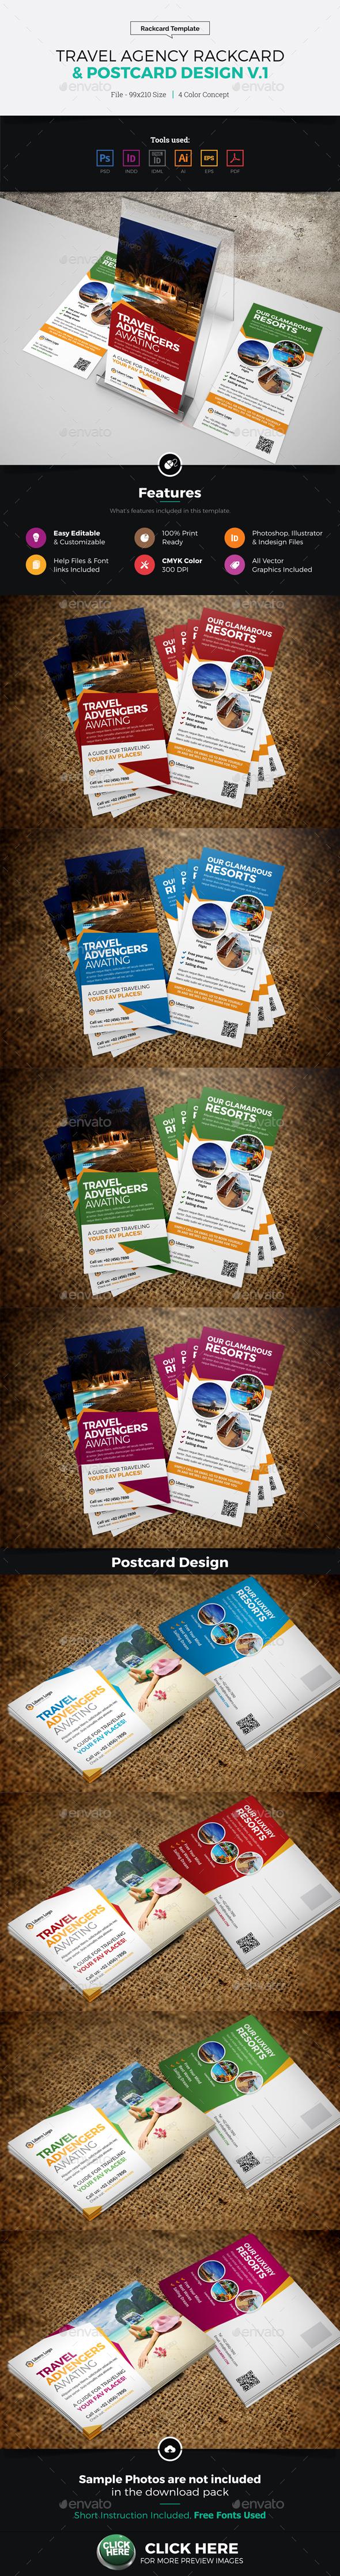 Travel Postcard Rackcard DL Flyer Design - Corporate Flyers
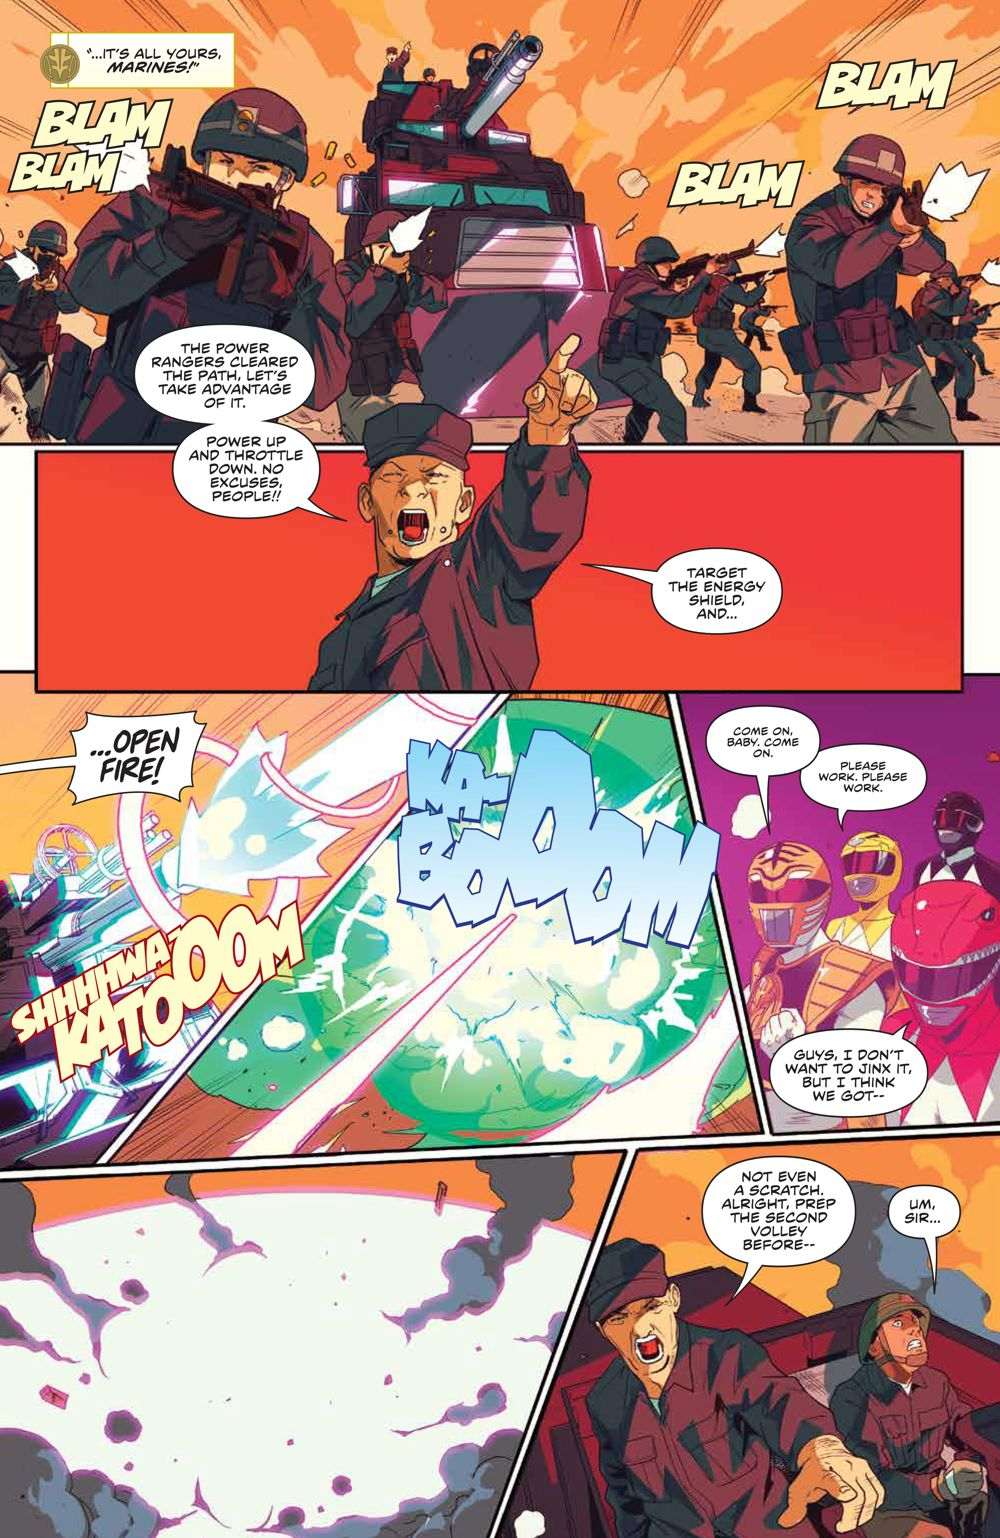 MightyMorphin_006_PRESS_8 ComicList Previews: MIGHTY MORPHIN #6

==

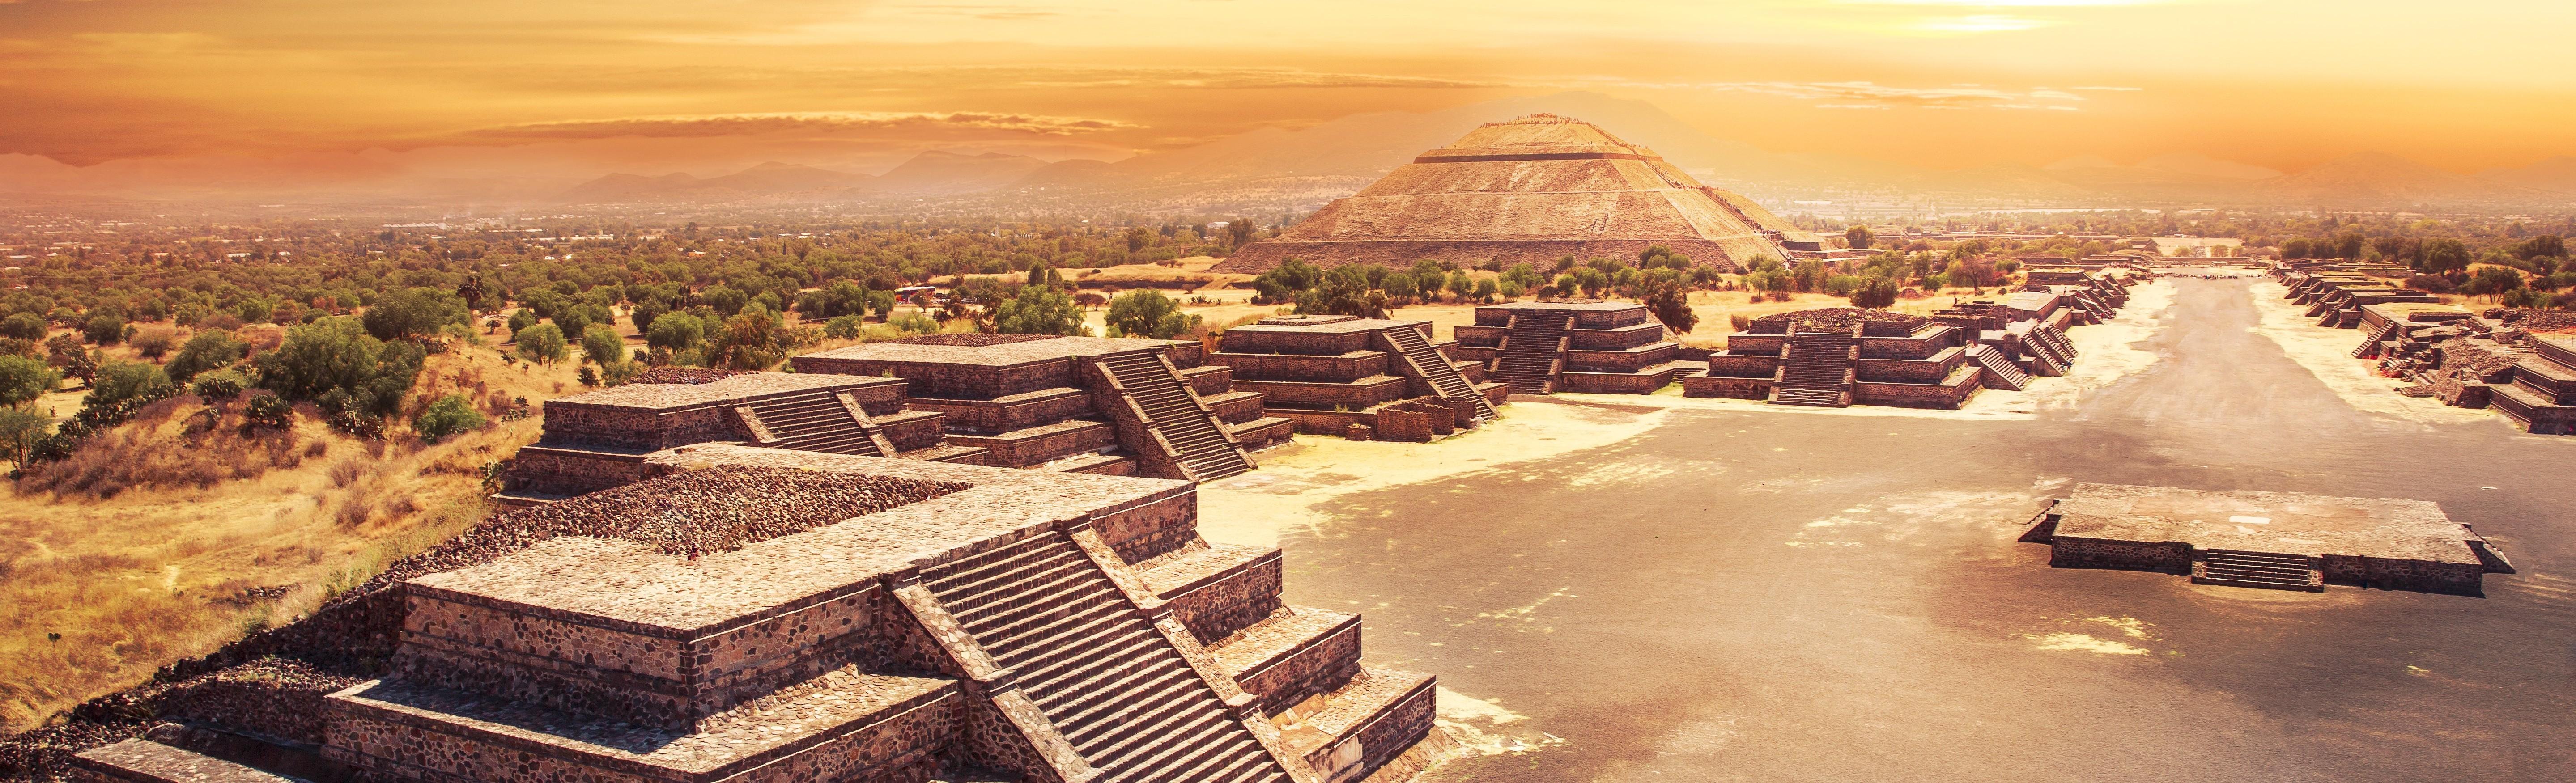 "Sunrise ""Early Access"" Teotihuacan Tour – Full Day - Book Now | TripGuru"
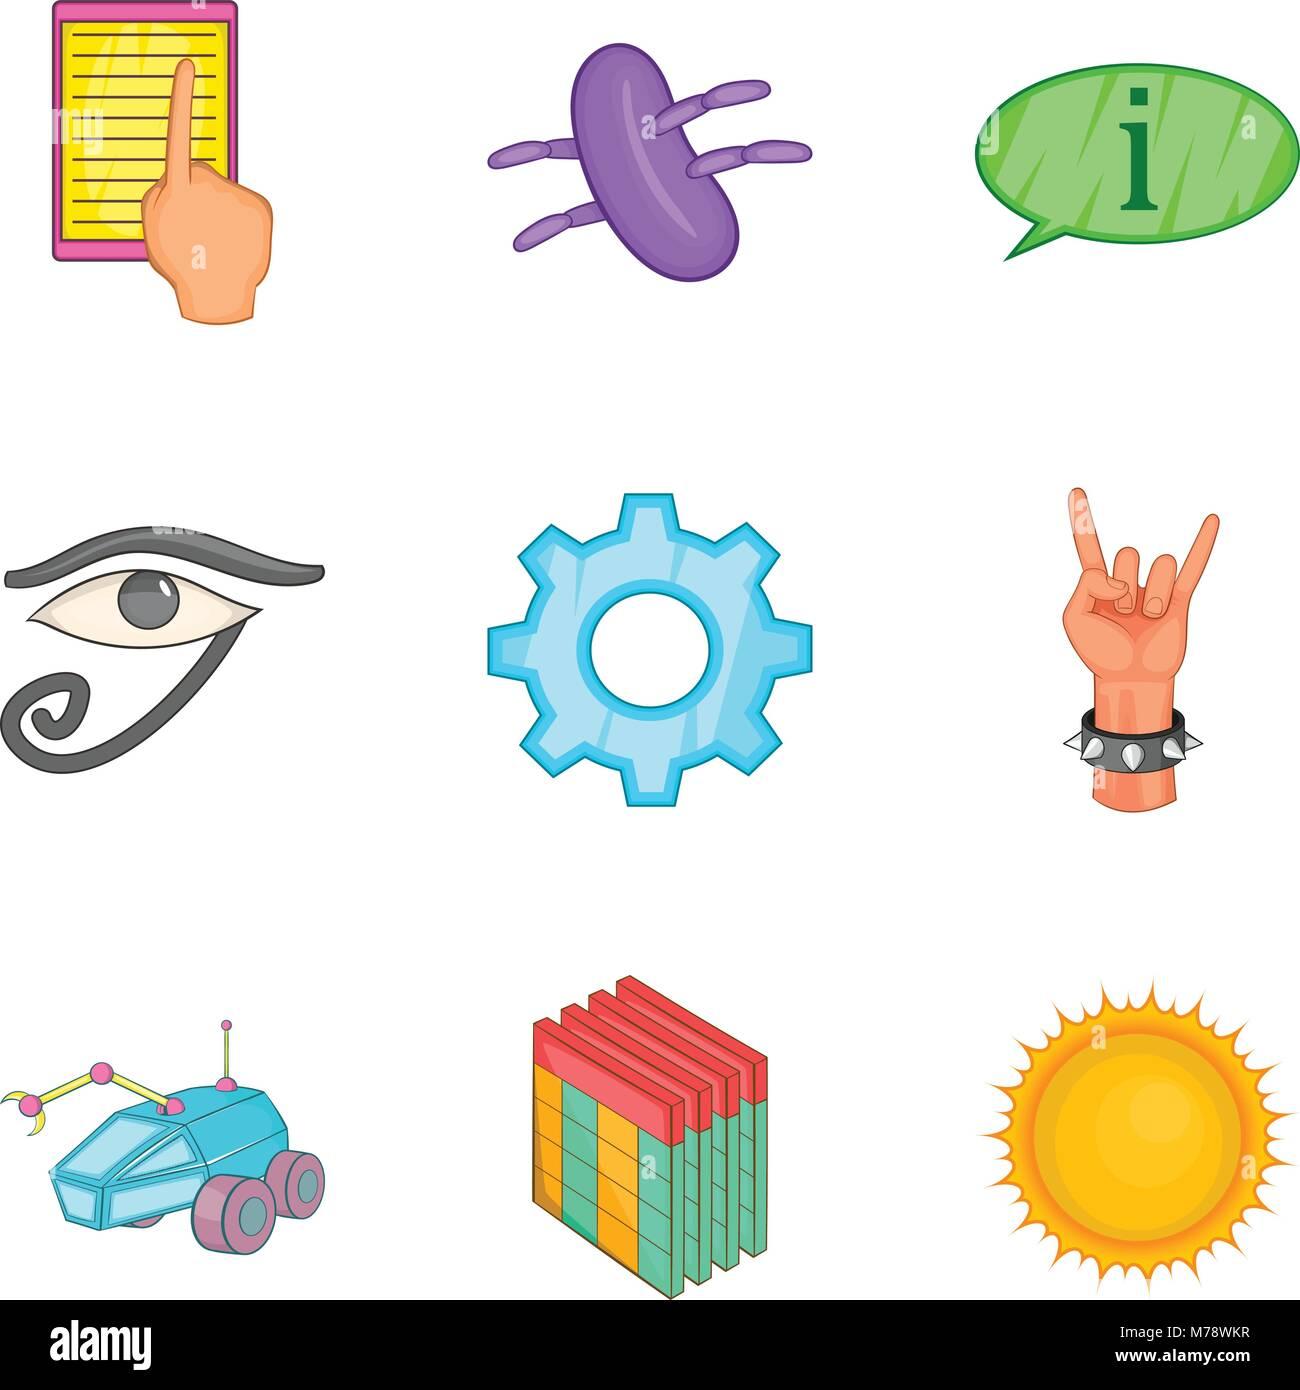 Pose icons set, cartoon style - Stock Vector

...

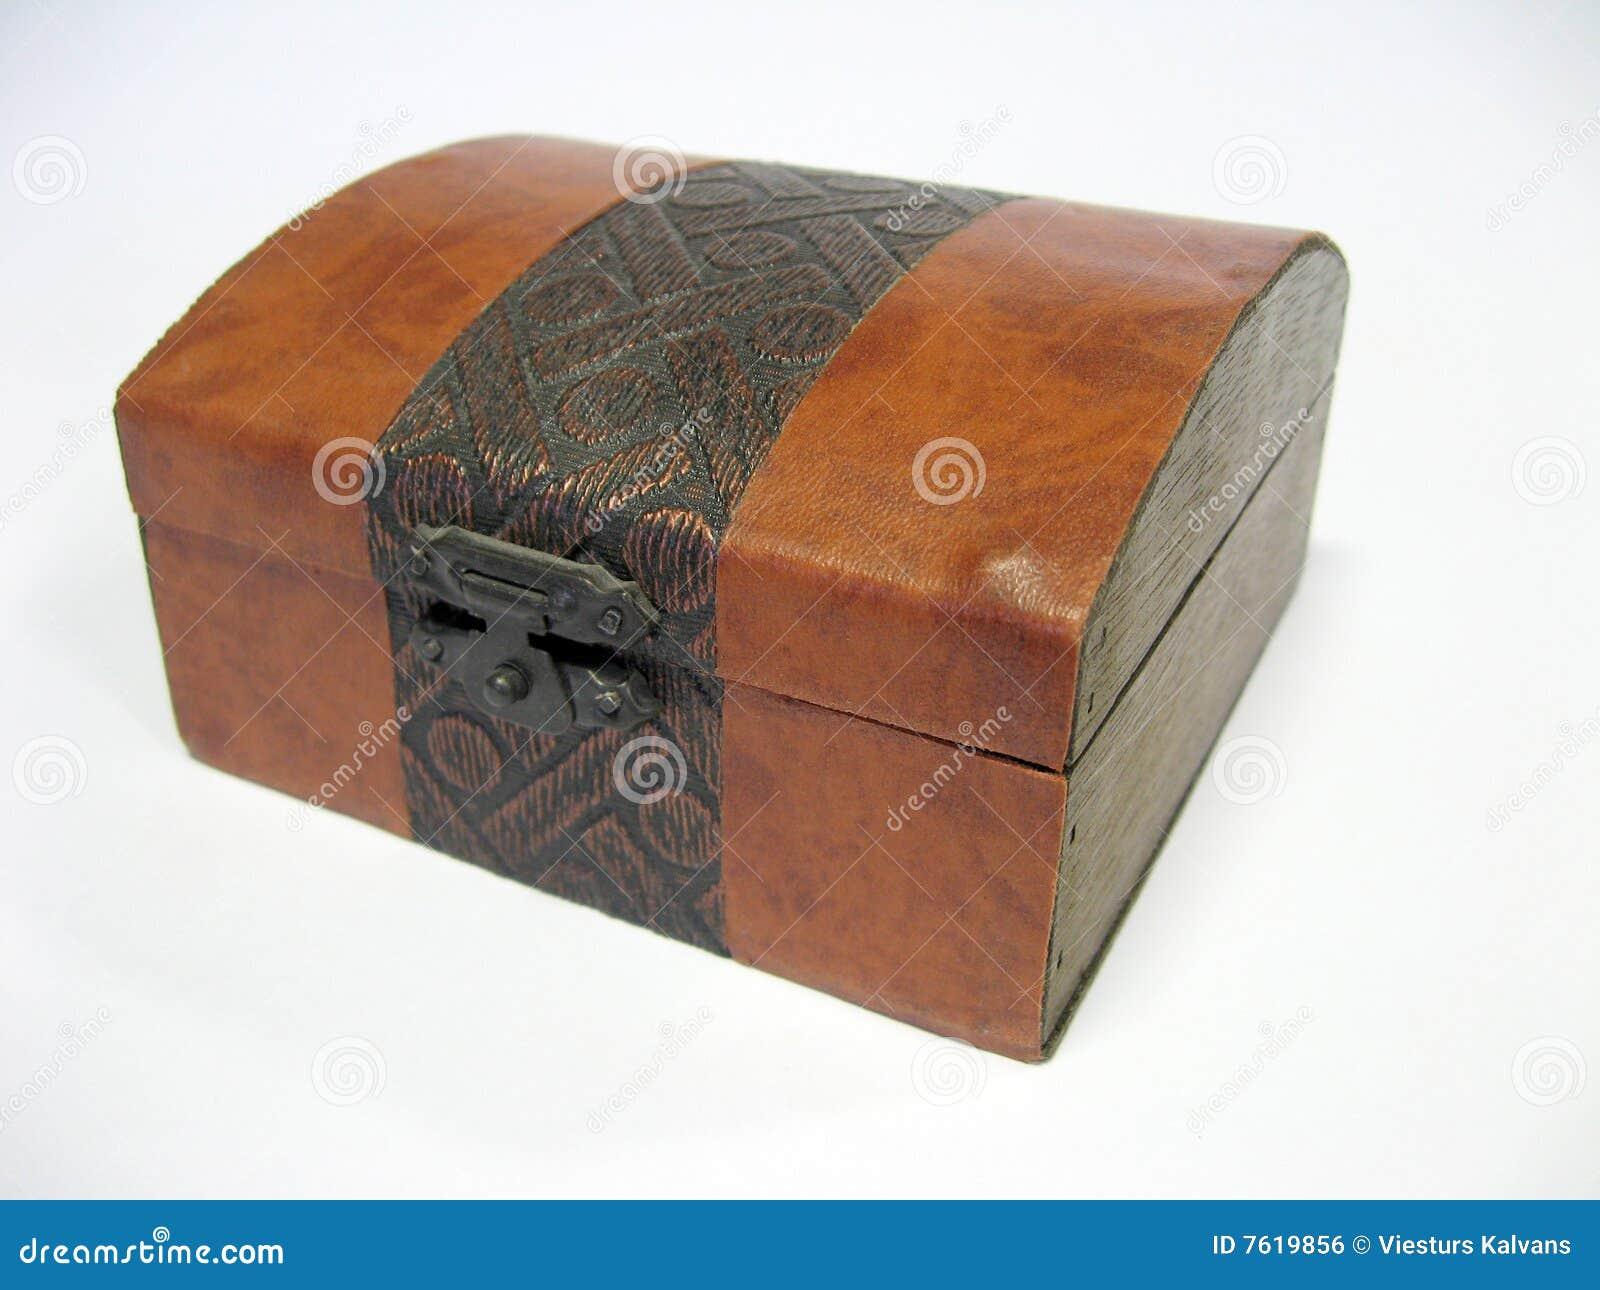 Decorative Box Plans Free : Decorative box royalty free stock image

[Problem to work on] If a picture sits between the line containing "Teotihuacan Tour –" and the line containing "Pose icons set, cartoon style - Stock Vector", leave it out, and return the lines of that range above exactly, both ends included.

[Result for this exercise]
 "Sunrise ""Early Access"" Teotihuacan Tour – Full Day - Book Now | TripGuru"
 Pose icons set, cartoon style - Stock Vector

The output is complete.